I rate this episode ★★★★☆ for GOOD. Sam Dann's mystery story involving money, marriage, and sacred rituals was entertaining. However, the ending was Foreseeable. In the words of the Tribe Chief in this story, she was "A Spirit of Death." Another way to title this mystery would be “The Jungle Of Infidelity” or "Velma: The Adulterous.” In our Host's Prologue, E.G. Marshall starts it off by saying: "Your Chaperone at these arcane rebels which are celebrated here 7 times each week." Awesome introduction! In ACT-1, the topic in this mystery is about success, even quoting the old phrase: "Nothing succeeds like success." In ACT-2, discuss on what's the basis for marriage, especially when you have group of characters that are in a May-December relationship. Plus, quoting Benjamin Franklin: "Where you have marriage without love, you'll soon have love without marriage." In ACT-3, the Resolution on the Widower, both his demise and his wealth. In his Epilogue, he quoted the poem “Elegy Written In A Country Churchyard” by Thomas Gray: "And all that beauty, all that wealth, ever gave, awaits alike the inevitable hour, the paths of glory lead but to the grave." What's even more thought-provoking, was our Host’s interpretation that the only successful ones on Earth are the worms. These views and quotations that E.G. Marshall gave us were captivating! The music was satisfactory, a variety of suspenseful tunes that kept the story moving forward. Sound effects of the doorbell, footsteps, background noise in the restaurant, wild animal calls, tribal ceremony music in the jungle, gun shots, tableware clinking, jeep engine, and body thuds were a major plus! Now onto our cast: Jennifer Harmon (as Velma Straight Hastings), Arnold Moss (as Robert Morris Hastings III), Joan Shay (as Aunt Rose and Marva), and Robert Dryden (as Chief Aryra and Dennis). Robert Dryden's role as Dennis was nicely done, but his performance as the Tribe Chief didn't sound believable enough. For Joan Shay, she was phenomenal as Aunt Rose, but her role as Marva, the way she yelped at 20:30 mark, was aching to hear.
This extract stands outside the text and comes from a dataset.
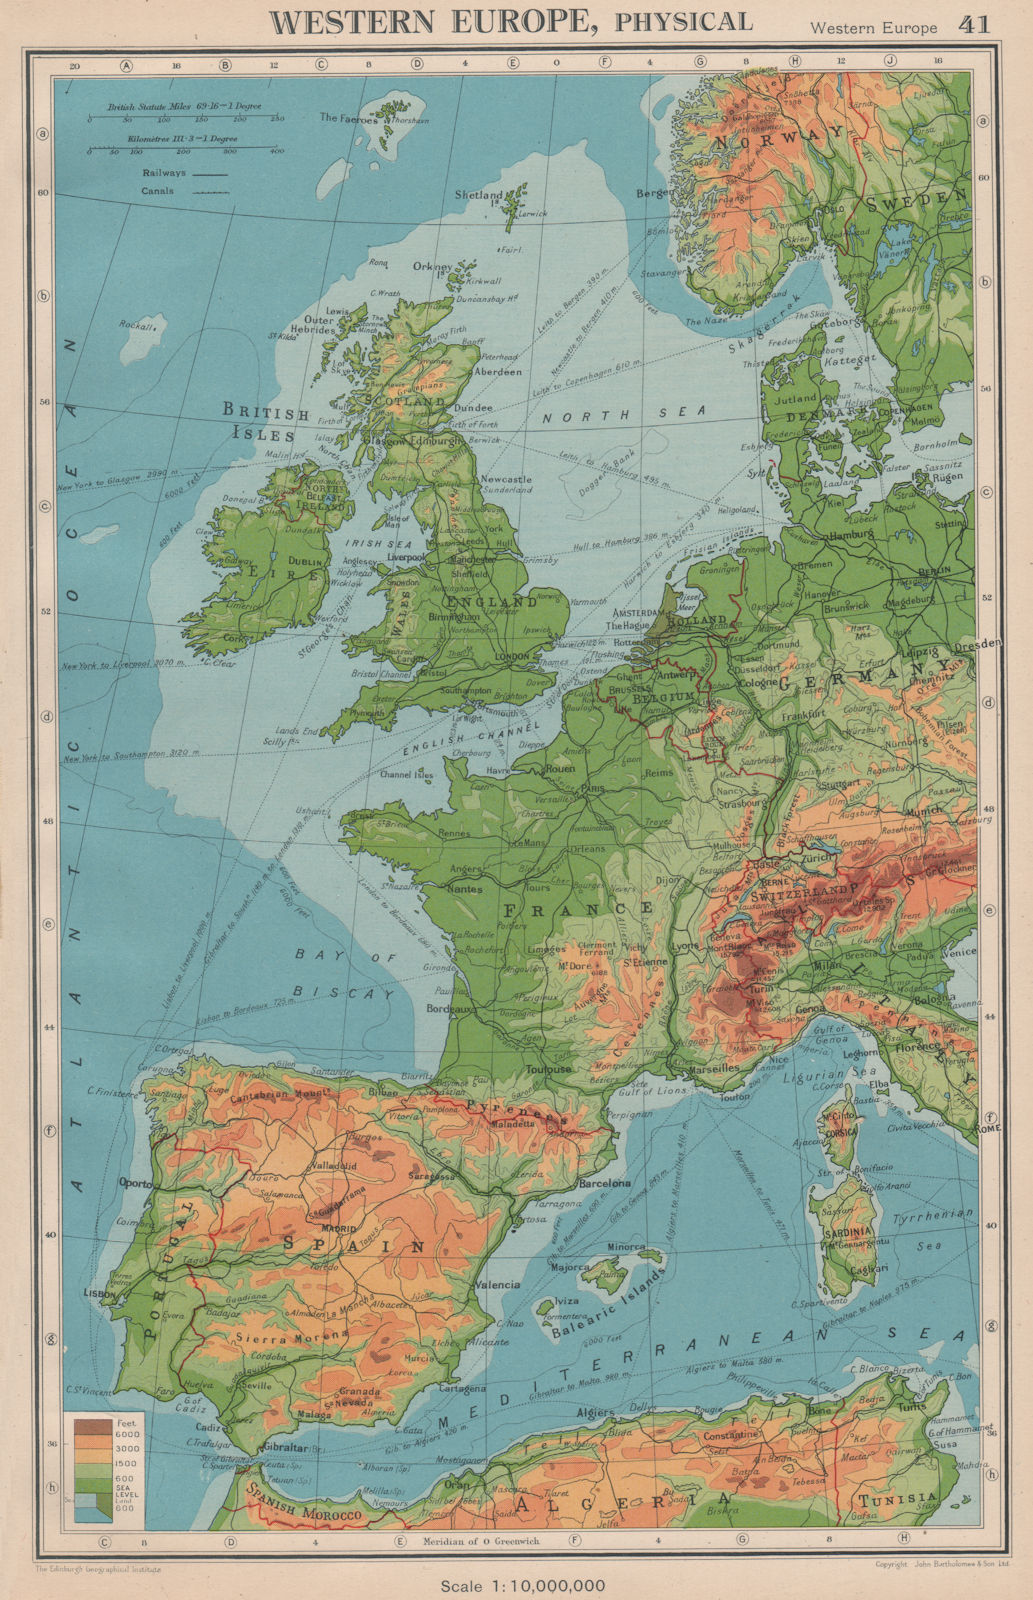 Associate Product WESTERN EUROPE. Physical & main railways. BARTHOLOMEW 1944 old vintage map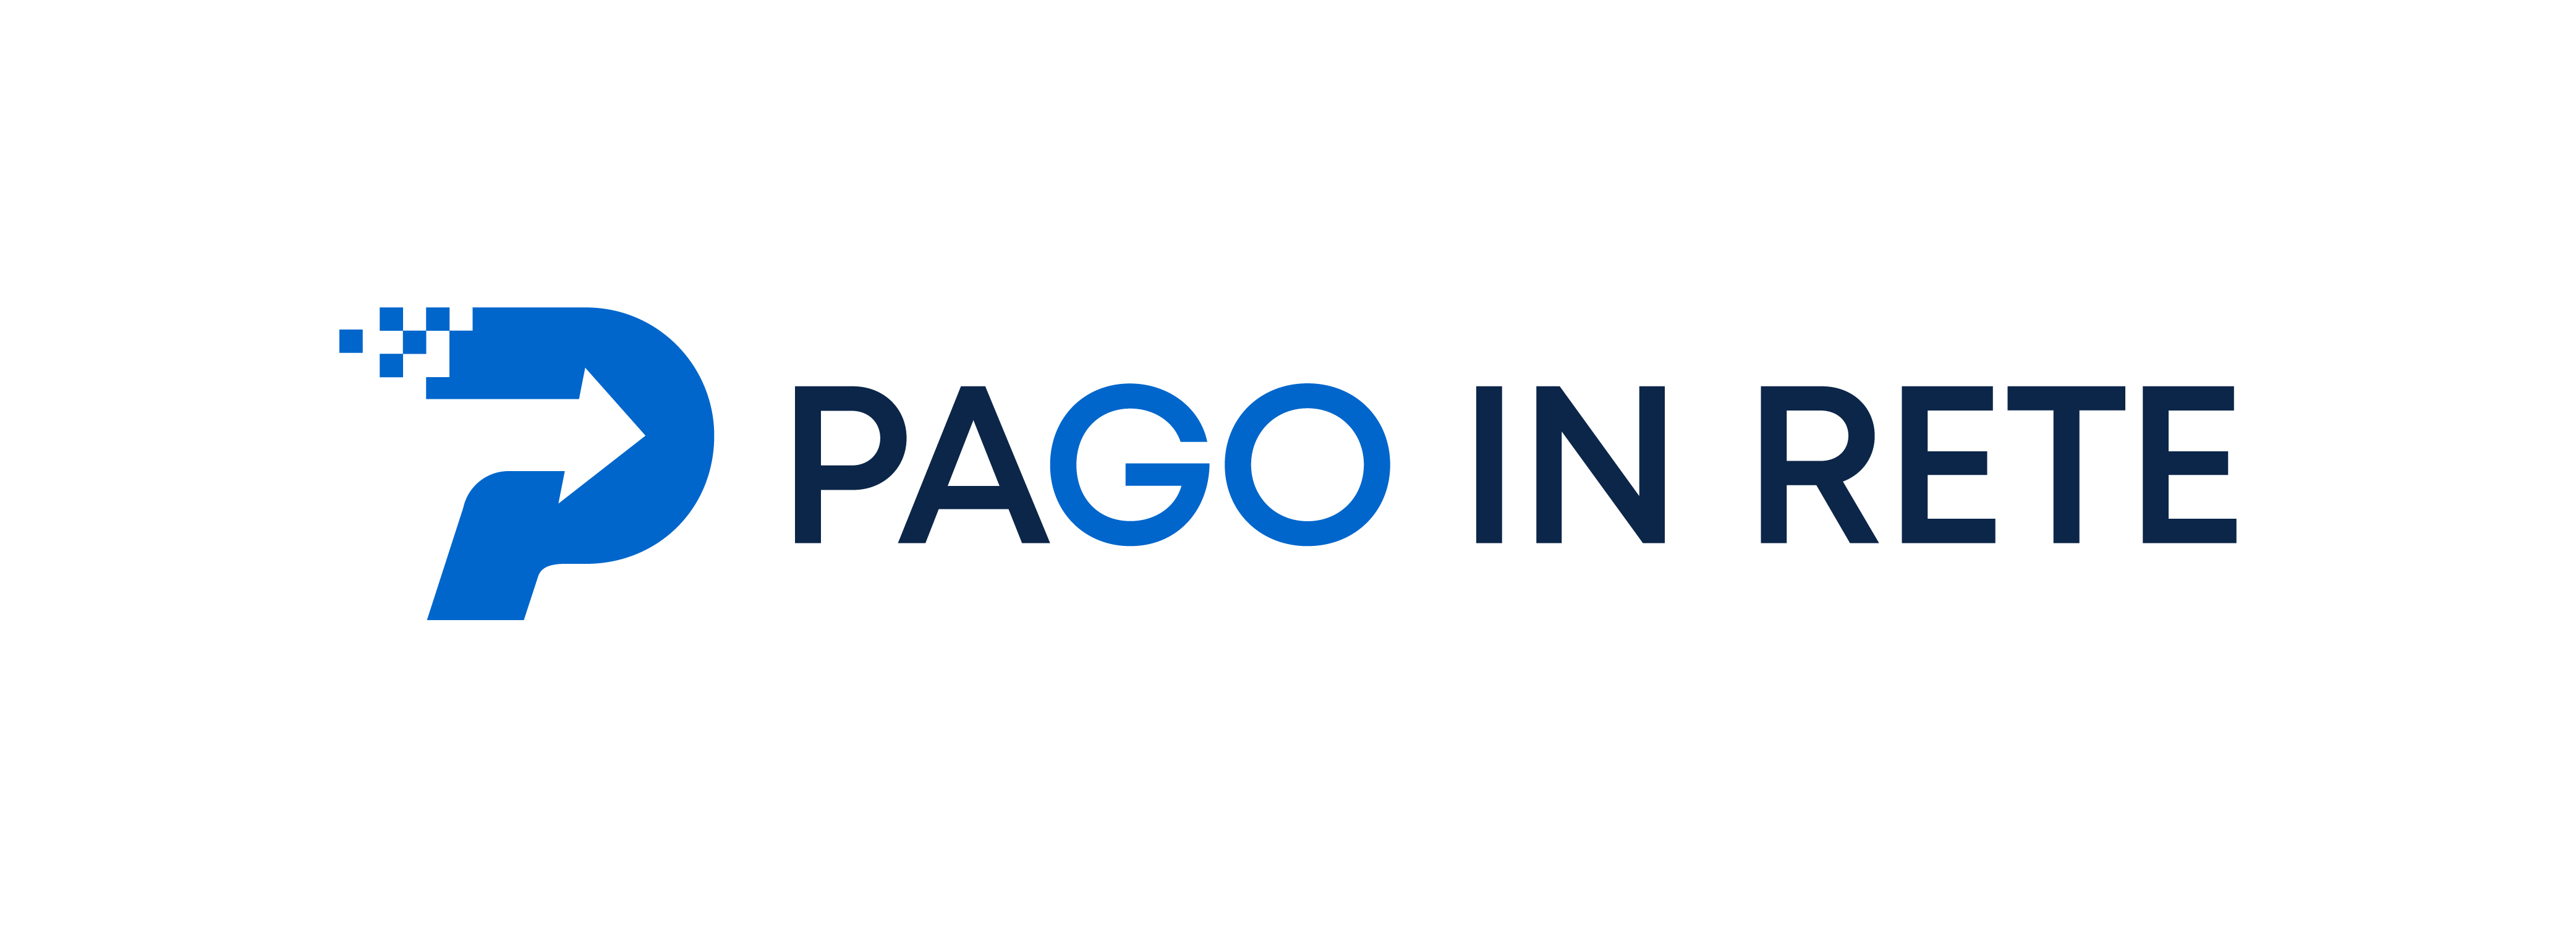 Si comunica che il Ministero della Pubblica Istruzione ha fornito il nuovo logo ufficiale Pago in rete

But Arnold Moss was stupendous in his acting. And the leading lady, Jennifer Harmon, was marvelous as the main villain. If anyone enjoys jungle mystery stories, tune in to this. Plus, at the end of episode, there's a commercial for CitiBank VISA. Until next time…pleasant dreams.


Velma Straight shocks her Aunt Rose when she announces her engagement to Robert Hastings, three times her age, and admits that she expects soon to be a young, wealthy widow. Hastings’ work as an anthropologist takes them to a South American jungle to observe a primitive tribe whose immortality and harboring evil spirits forces them to drink from the Spring of Bitter Waters. If innocent, they will survive, if guilty the water is said to kill them. Though disbelieving, Velma is forced to take the test when she is accused of adultery with Hastings’ young assistant.


Hated this episode until the twist at the end. Turned out to be a good one!